Did you not check your oil in the 5500 mile interval, since you were 2.5 quarts low all of a sudden?
 
No, then I was not in the habit of checking the oil level on the disptick except maybe when I added it in the change and right before I drained it when I changed. It had not used any significant amount up to that point, and my LT1 Z-28 (kept until it had 112,000 in '05) at the time also burned none. Both were bought new by me and fed a constant, steady diet of Mobil 1 - I think I had a very false sense of confidence to believe Mobil 1 was the last thing on either vehicle that would let me down.
 
It looks like the mmo might have cleaned up sticking rings. That's been my experience fwiw. Look out though posting good results without proof [with any product] might get ya in some hot water.
 
Originally Posted By: rockydee
It looks like the MMO might have cleaned up sticking rings. That's been my experience fwiw. Look out though posting good results without proof [with any product] might get ya in some hot water.

+1 on the sticking rings. This result should not be surprising to anyone familiar with MMO.

What kind of "proof" would you like him to post? No amount of proof will satisfy the anti-additive crowd, so let them just keep adding oil.
 
I do not know if it was the MMO or the Motul, but something that starts with an "M" had the correct additives (Or solvents) to unstick your ring(s). I have had similar success by using Redline for an OCI, in a couple of vehicles that used oil.

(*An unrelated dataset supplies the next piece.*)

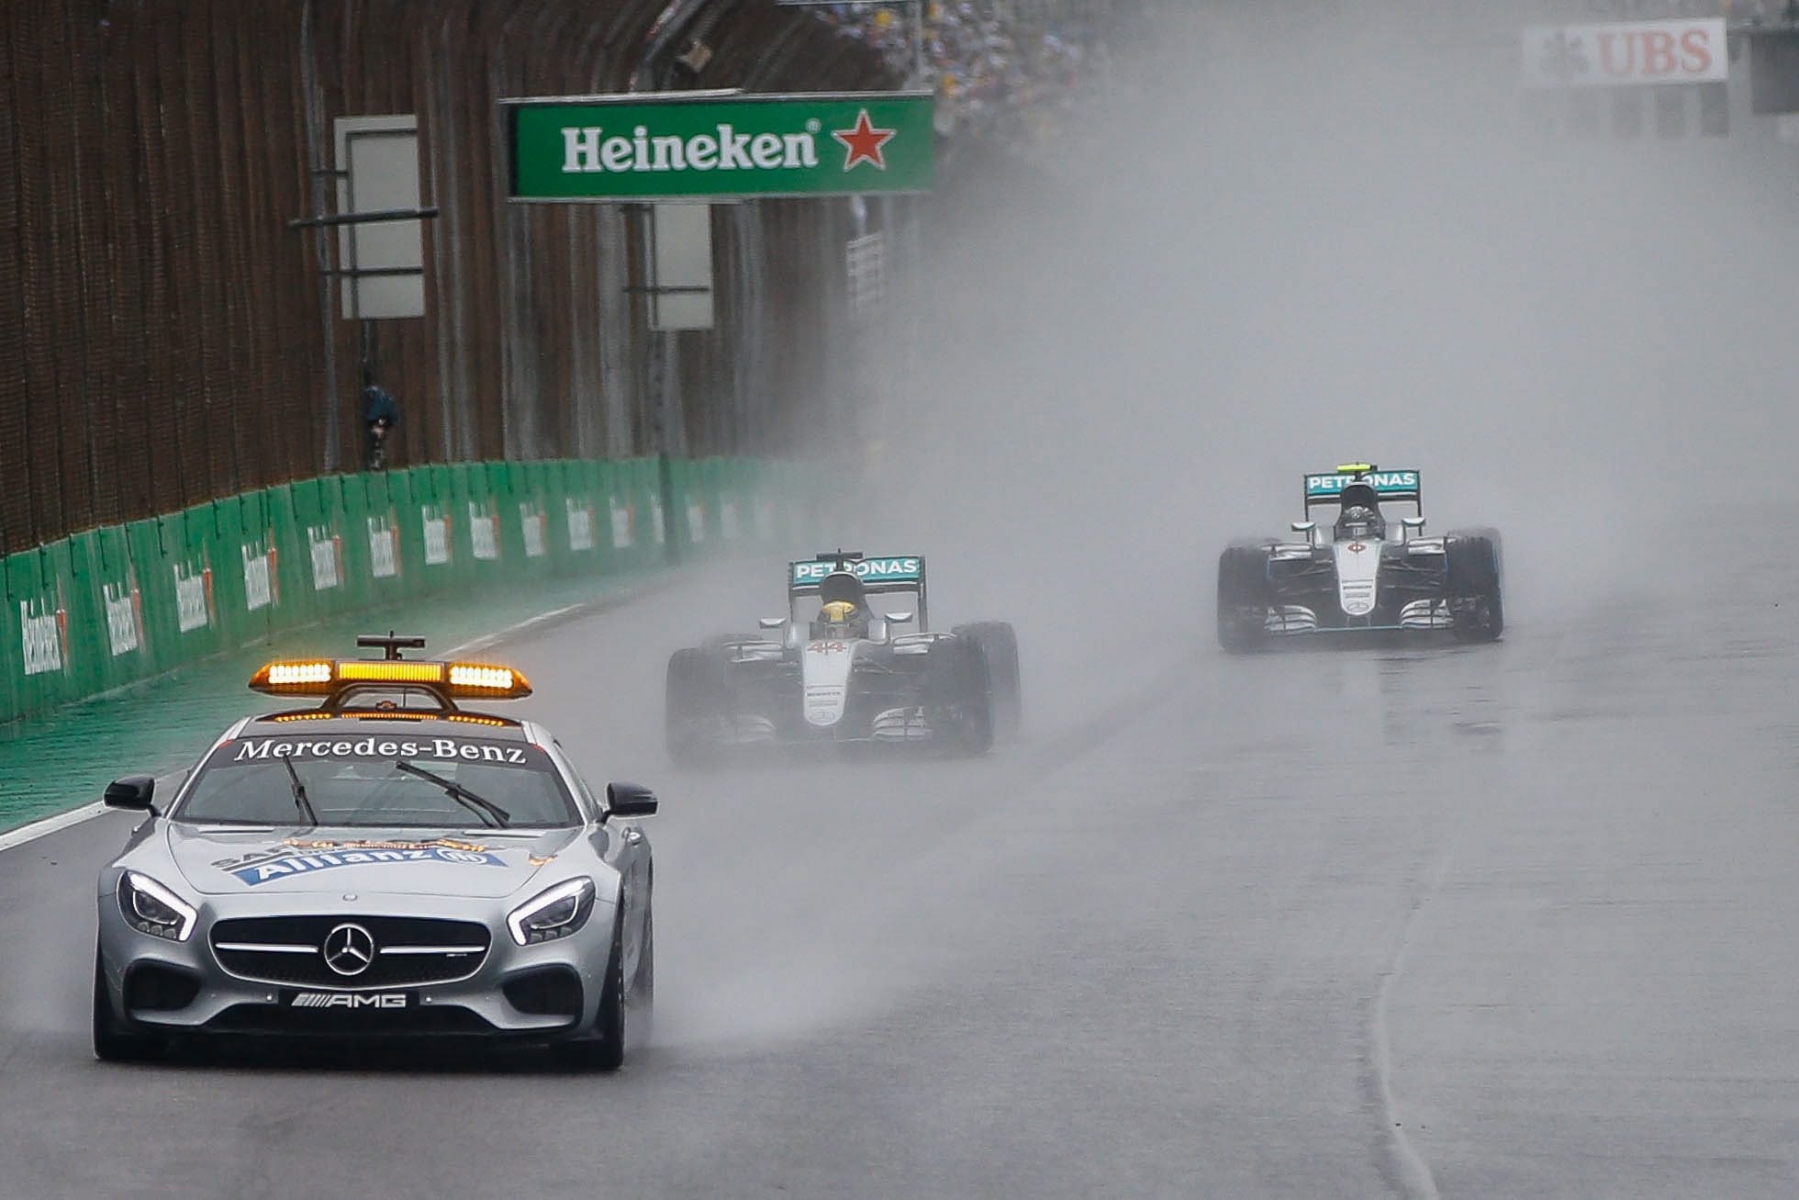 epa05630121 British Formula One driver Lewis Hamilton (C), of Mercedes team, and German Formula One driver Nico Rosberg (R), of Mercedes team in action behind the safety car during the Formula One Grand Prix of Brazil, at Interlagos race track in Sao Paulo, Brazil, 13 November 2016.  EPA/FERNANDO BIZERRA JR. BRAZIL FORMULA ONE GRAND PRIX

I went back to Mobil 1, after the Redline OCI, and consumption did not return.

(Mobil 1 was not in use when consumption started, but it didn't stop it either.)

Sometimes, a change in additive package can solve a specific problem.
 
Originally Posted By: dave5358
Originally Posted By: rockydee
It looks like the MMO might have cleaned up sticking rings. That's been my experience fwiw. Look out though posting good results without proof [with any product] might get ya in some hot water.

+1 on the sticking rings. This result should not be surprising to anyone familiar with MMO.

What kind of "proof" would you like him to post? No amount of proof will satisfy the anti-additive crowd, so let them just keep adding oil.


lol You're right about not being surprised. Me I don't need proof, I already proved to myself, and that's all that matters to me.
 
A good motor will run any oil without consumption. Back around 98 I bought a chevy 3/4ton, and the saleman told me they were loosening the top end for better fuel consumption.

I looked at him kinda crosseyed, but sure enough that truck would burn a 1/2 quart every 1500 miles. I burned chevy a new A$$ every survey I got. Your in that time frame. I don't know if GM still does this on its older design engines to improve fuel economy, I know my 2007 Colorado doesn't burn at all.
 
I do have some suspicion of the motor because I've seen specs that say the pistons come with low tension rings. I thought low tension was to allow the engine to operate for long periods of time at high power levels with low risk of overheating, seizing, or excessive wear. For instance when pulling a large heavy trailer up a long, windy mountain pass at highway speeds+. The kind of operating parameters that send small and medium trucks to their graves, but something that's almost always responsible for at least some oil consumption.

Of course the low tension rings were just one piece to solving the high power output puzzle, as the LS series stopped trusting the earlier SB mains by going to the 6 bolt crossbolted design with deep skirts on the block, they added bigger oil and transmission coolers, higher flowing exhaust ports and short header-style manifolds, enormous 4" exhaust pipes throughout, and some form of steam ports in the pinched-in areas of the water passages in the heads. In fact I thought the HD trucks of that era were intended to be a halo model that would lure buyers into getting the much more mass-produced lower spec'ed 1/2 ton and less models.

Anyways, with an engine that I personally have known for so much oil consumption for the last 8 years, I am highly surprised it can nearly be stopped with a cleaner product and (maybe) a switch to another brand (which doesn't fit your theory that some engines turn into burners no matter what). Maybe low tension rings have a greater tendency to get stuck from varnishing and I just ought to run a cleaner in the oil every so many OCI's for preventative measures?